Acceptable iron levels in kaolin differ depending on the end use.  Levels of up to 0.7% Fe₂O₃ can be tolerated but lower levels are required for material used in bone china where translucency is more important.  In general, the iron content of kaolin used in ceramics should be below 0.5%.  The presence of titania should also be very low.

Alkali contents in ceramic grade kaolin should be low as they have a marked effect on vitrification characteristics because they alter the porosity of the ceramic body.  For this reason, kaolin used in porcelain should contain less than 1.5% potash together with minimal amounts of titania and silica.

Some minerals can also cause problems during ceramic body manufacture if they are present in kaolin.  Naturally swelling clays such as bentonite or montmorillonite absorb water into their lattices, which affects viscosity and therefore casting rates.  Bentonite or montmorillonite contents as low as 1% in a kaolin can seriously affect the casting process.

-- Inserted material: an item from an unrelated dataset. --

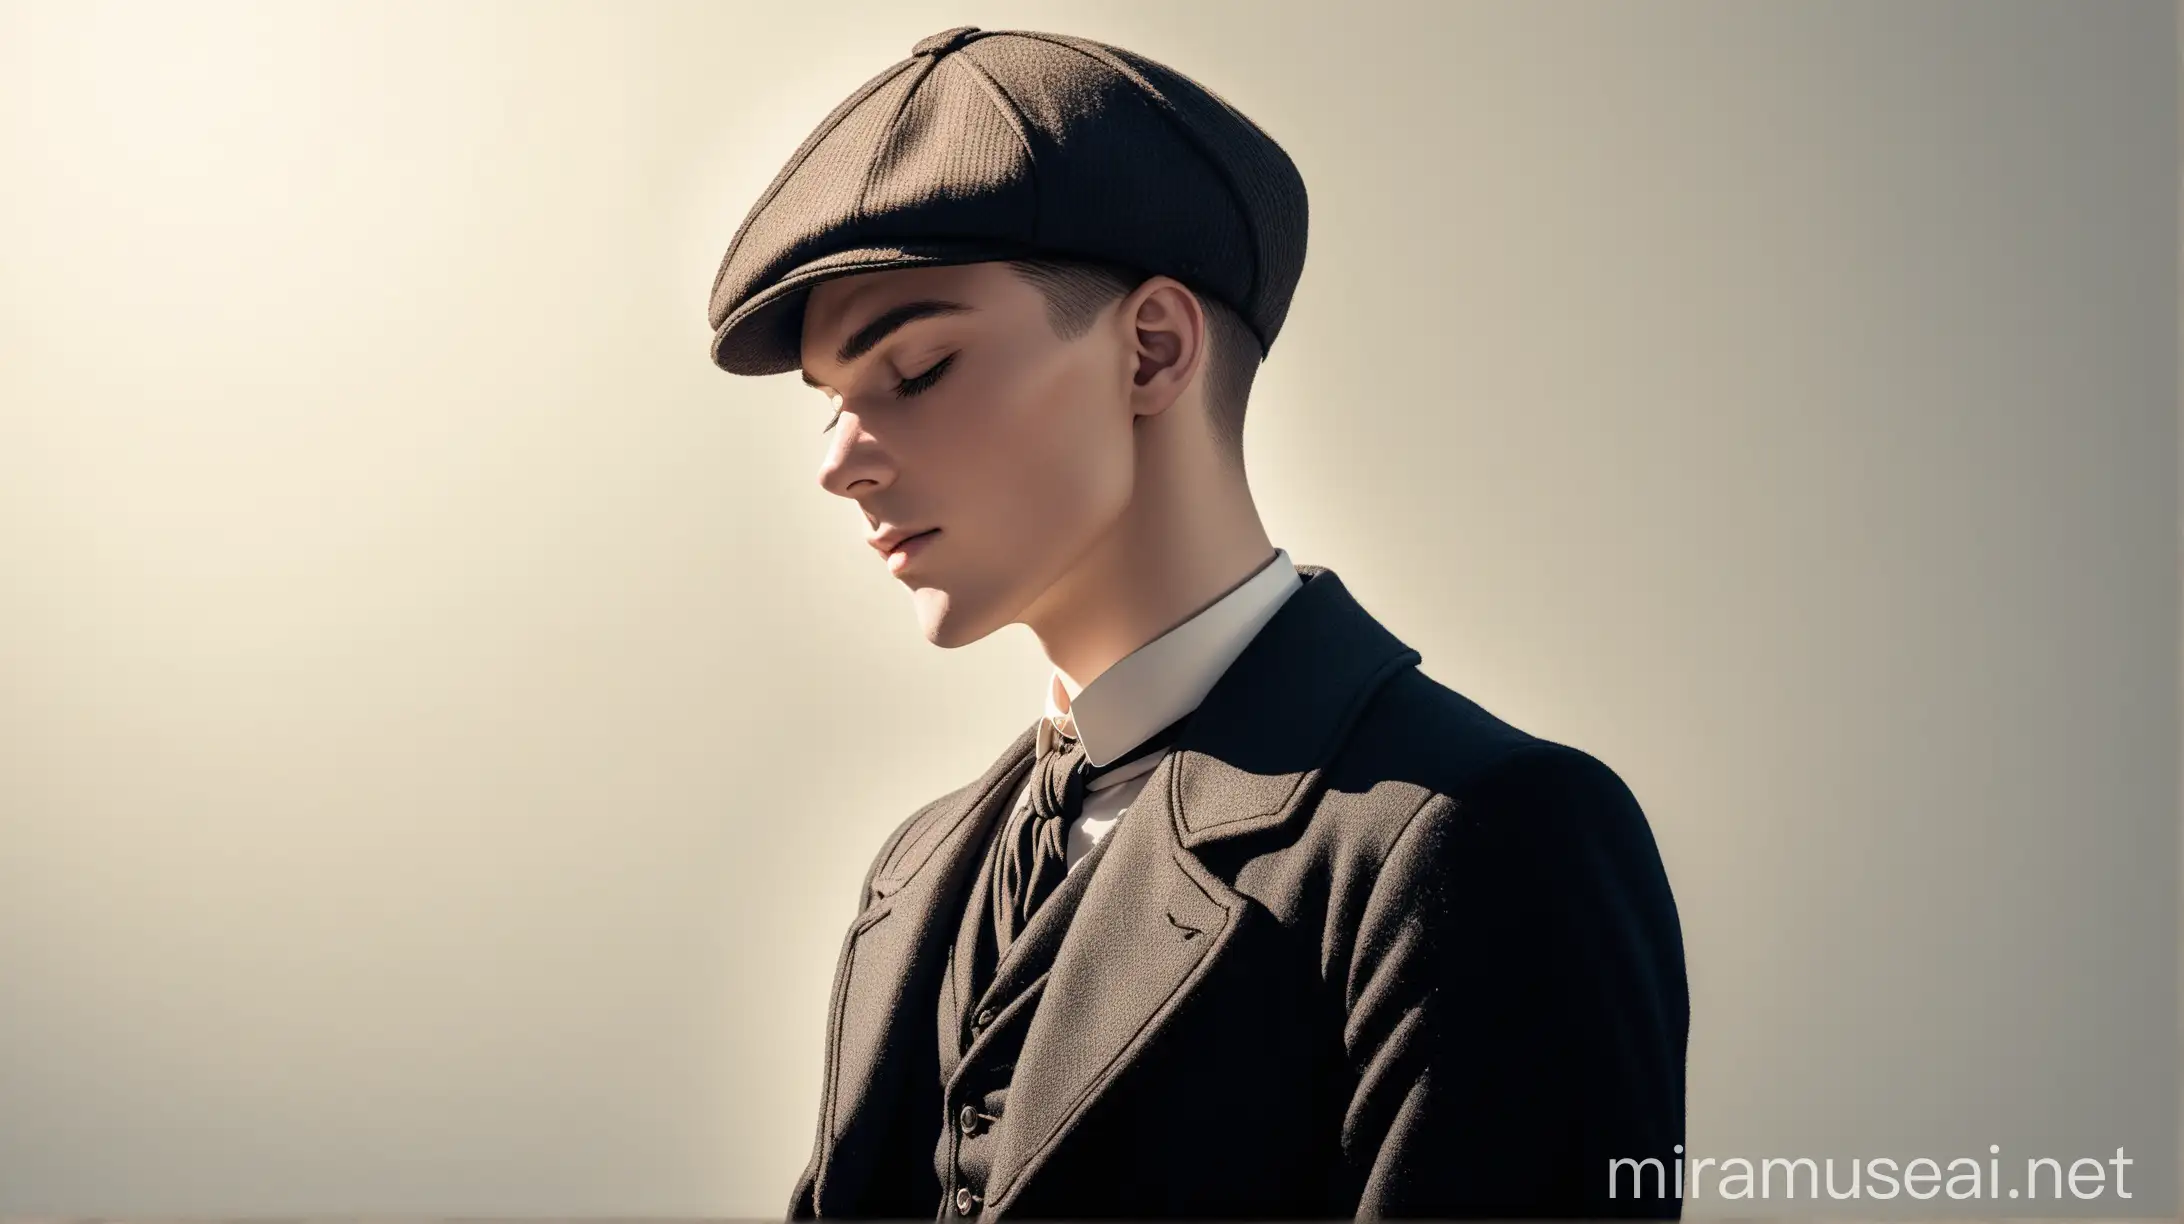 Stylish Young Man in Peaky Blinders Attire Standing with Eyes Closed on White Background

In general, fine particle kaolins are generally preferred for use in ceramics because particle size largely determines the plasticity and unfired strength of the ceramic body.  The particle size distribution of ceramic grade kaolin varies as fine particles also reduce casting rates and increases shrinkage during firing.

Ball clay is a general term used to describe a high plasticity clay that generally has a kaolinite content of around 60% with mica and quartz the other main minerals present.  The majority of ball clays are used in ceramic manufacture, usually in conjunction with kaolin.  In some counties no distinction is drawn between kaolin and ball clay.  Some low-grade kaolin used in ceramics and refractories in developing economies might also be classified as ball clay in the UK and USA.  Ball clay grades tend to be coarser with higher kaolin contents in the USA then in Western Europe, which may lead to ceramic formulations containing a lower proportion of processed kaolin than in Western Europe.